12-03, 22:00–22:30 (UTC), General Track
To identify a production-ready, open-source OCR model capable of handling sensitive, non-English content with highly technical language, we evaluated the performance of available open-source OCR models in terms of accuracy, memory efficiency, and processing speed. This presentation will share our findings and key insights gained from this research
Medical data often comes in various formats, such as images and PDF scans. Using an OCR model to convert these documents into machine-readable text is a crucial first step in healthcare data analysis. However, due to the sensitive nature of this data, sending documents to be processed by a commercial OCR endpoint hosted on a third-party server is often prohibited by local privacy regulations.
This talk focuses on three open-source OCR models—Tesseract, EasyOCR, and PaddleOCR—after testing numerous models available on the market. The talk will have a deep dive of the models' architectures and will compare the precision, memory efficiency, and processing speed of these models when analyzing Japanese medical data. The presentation will also introduce the metrics developed to benchmark the models, discuss the types of documents where each model excels and falls short, and share strategies you can use to improve the results.
Note: All three models support a multitude of languages, so the insights from this talk can be applied to language requirements beyond Japanese.

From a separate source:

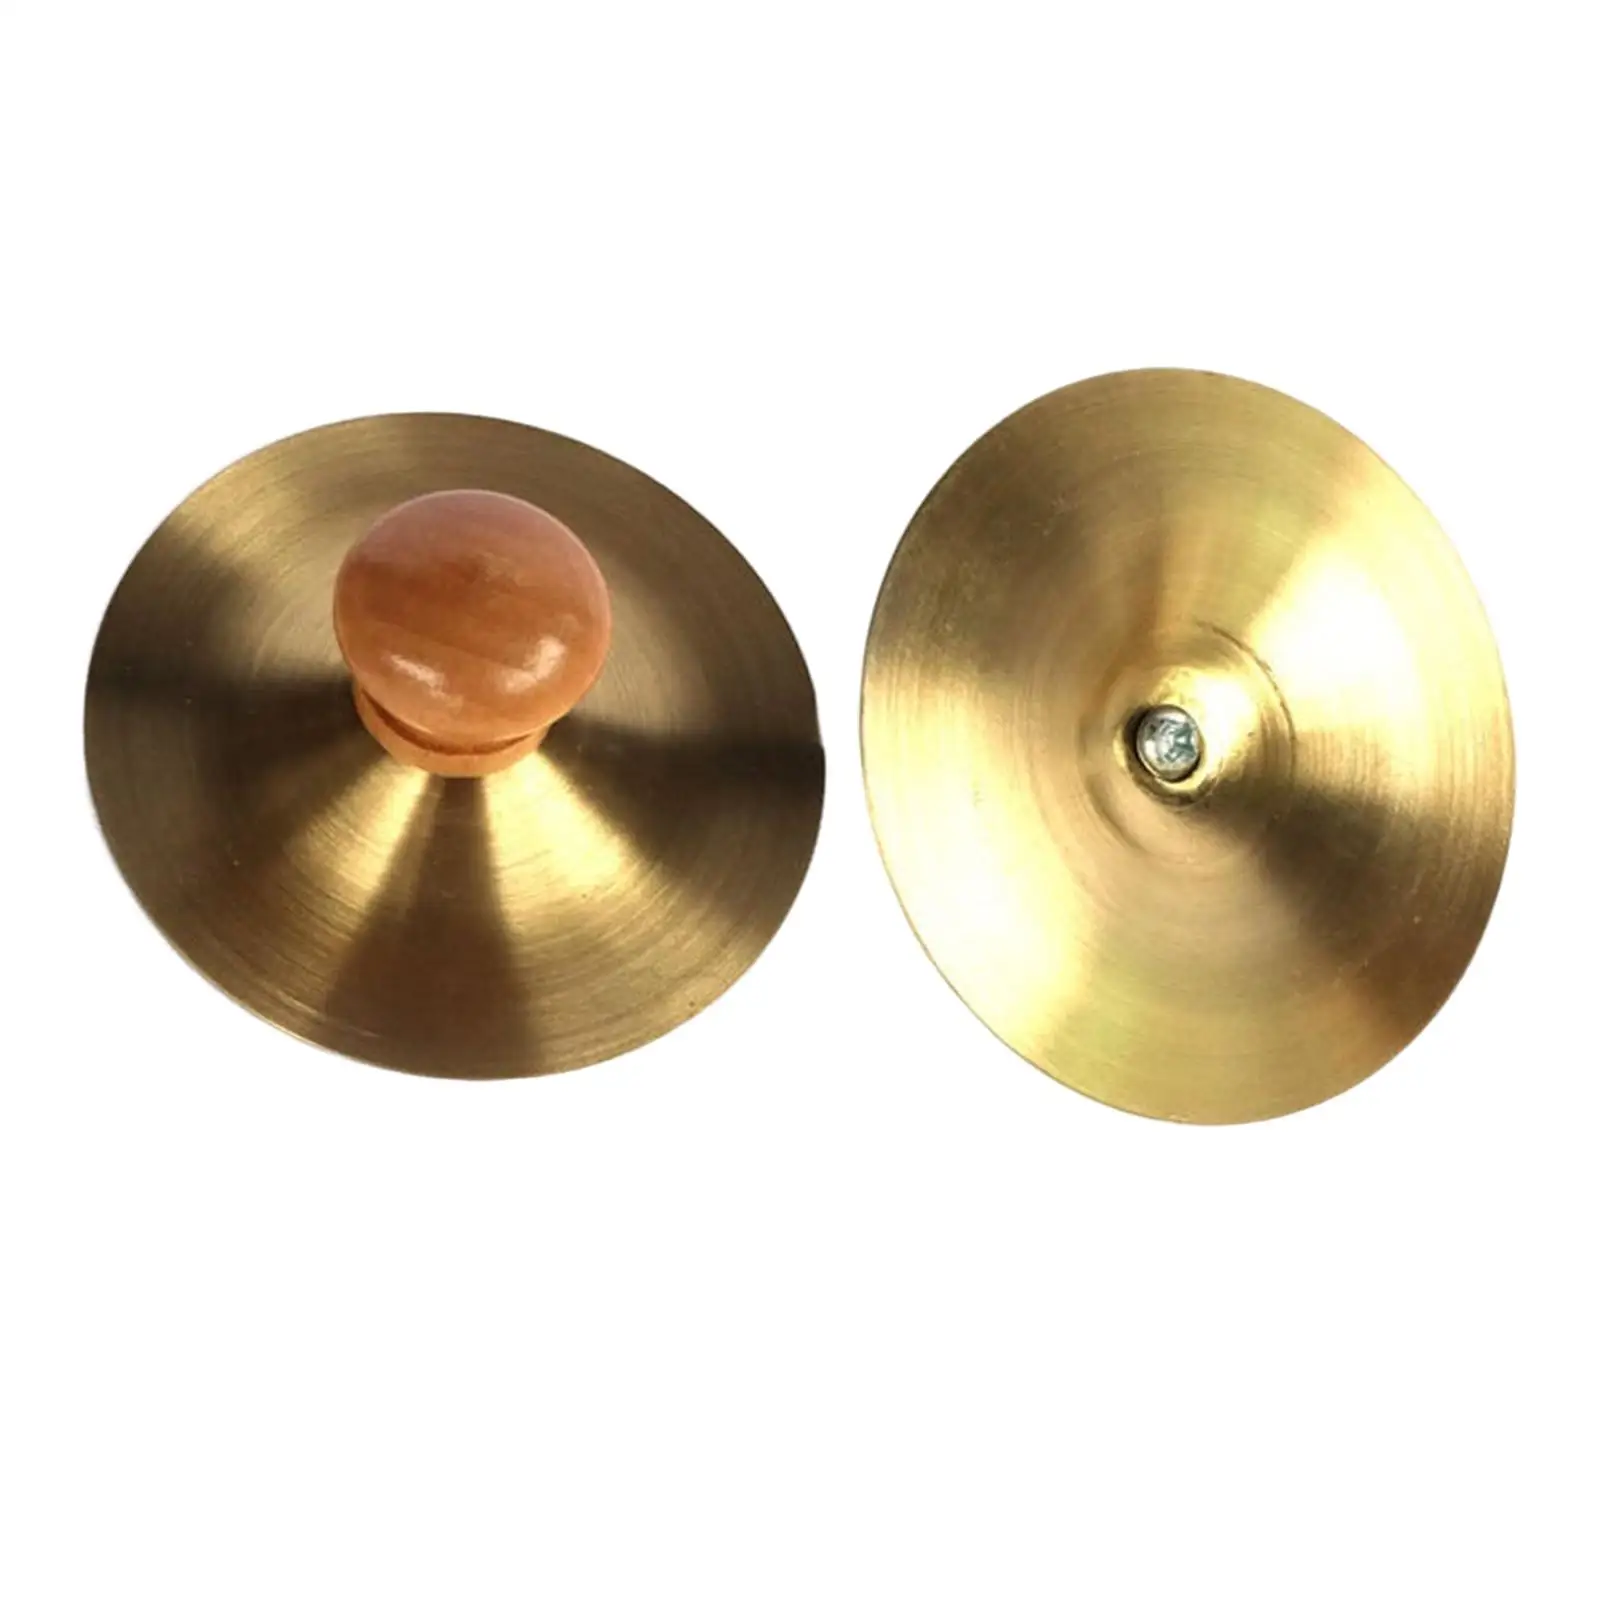 1 Pair Hand Percussion Finger Cymbals Kids Toy Hand Eye Coordination Musical Instrument Copper Hand Cymbals for Children Gifts

No previous knowledge expected
Bing Wang is a Software Engineer at Flatiron, a healthcare company specializing in building big data databases for oncological research. She is passionate about developing data pipelines to enhance cancer care and is constantly exploring ways to further automate these processes.
Wang holds an M.S. in Computer Science from the University of Chicago, an M.Ed. in Developmental Psychology from Harvard, and a B.A. in Linguistics and Education from ECNU. Her interdisciplinary educational background blends social sciences and technology, fueling her interest in applying machine learning techniques to the analysis of human language.